RAG Pipeline with Search and Chat:

from haystack import Pipeline
from haystack.utils import Secret
from haystack.components.builders.chat_prompt_builder import ChatPromptBuilder
from haystack.components.generators.chat import OpenAIChatGenerator
from haystack.dataclasses import ChatMessage
from valyu_haystack import ValyuSearch

# Create components
web_search = ValyuSearch(top_k=3)

prompt_template = [
    ChatMessage.from_system("You are a helpful assistant."),
    ChatMessage.from_user(
        "Given the information below:\n"
        "{% for document in documents %}{{ document.content }}{% endfor %}\n"
        "Answer question: {{ query }}.\nAnswer:"
    )
]

prompt_builder = ChatPromptBuilder(template=prompt_template, required_variables={"query", "documents"})
llm = OpenAIChatGenerator(api_key=Secret.from_env_var("OPENAI_API_KEY"), model="gpt-4o-mini")

# Build pipeline
pipe = Pipeline()
pipe.add_component("search", web_search)
pipe.add_component("prompt_builder", prompt_builder)
pipe.add_component("llm", llm)

# Connect components
pipe.connect("search.documents", "prompt_builder.documents")
pipe.connect("prompt_builder.messages", "llm.messages")

# Run pipeline
query = "What is the most famous landmark in Berlin?"
result = pipe.run(data={"search": {"query": query}, "prompt_builder": {"query": query}})

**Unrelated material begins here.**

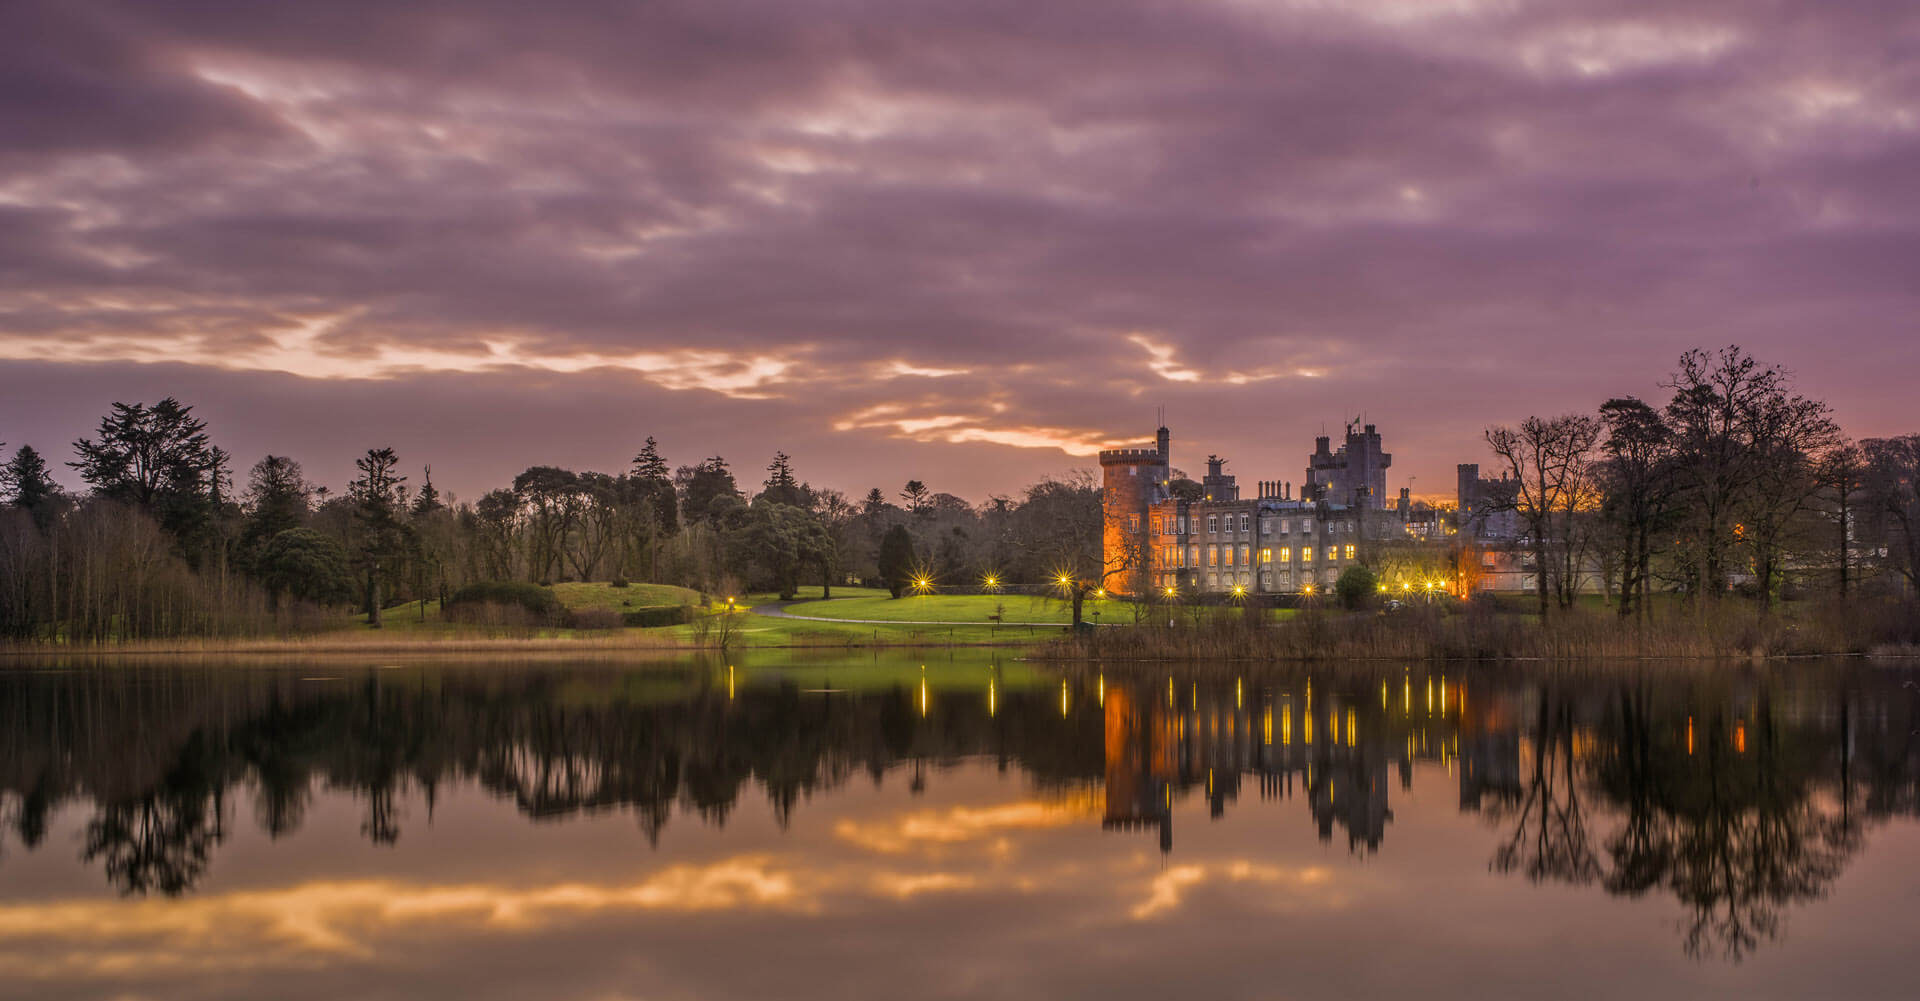 Dromoland Castle in Ireland

Indexing Pipeline with Content Fetcher:

from haystack import Pipeline
from haystack.document_stores.in_memory import InMemoryDocumentStore
from haystack.components.writers import DocumentWriter
from valyu_haystack import ValyuContentFetcher

# Create components
document_store = InMemoryDocumentStore()
fetcher = ValyuContentFetcher()
writer = DocumentWriter(document_store=document_store)

# Build indexing pipeline
indexing_pipeline = Pipeline()
indexing_pipeline.add_component(instance=fetcher, name="fetcher")
indexing_pipeline.add_component(instance=writer, name="writer")

# Connect components
indexing_pipeline.connect("fetcher.documents", "writer.documents")

# Run pipeline
indexing_pipeline.run(data={
    "fetcher": {"urls": ["https://haystack.deepset.ai/blog/guide-to-using-zephyr-with-haystack2"]}
})

Advanced Configuration

Structured data extraction with Content Fetcher:

from valyu_haystack import ValyuContentFetcher

# Define JSON schema for structured extraction
schema = {
    "type": "object",
    "properties": {
        "title": {"type": "string"},
        "author": {"type": "string"},
        "published_date": {"type": "string"},
        "summary": {"type": "string"}
    }
}

fetcher = ValyuContentFetcher(summary=schema)
result = fetcher.run(urls=["https://example.com/article"])

# Extracted structured data will be in document metadata

API Integration Details

Authentication

Both components use Haystack’s Secret class for secure API key management:

Header: x-api-key: your-api-key
Environment variable: VALYU_API_KEY

License

valyu-search-haystack is distributed under the terms of the Apache-2.0 license.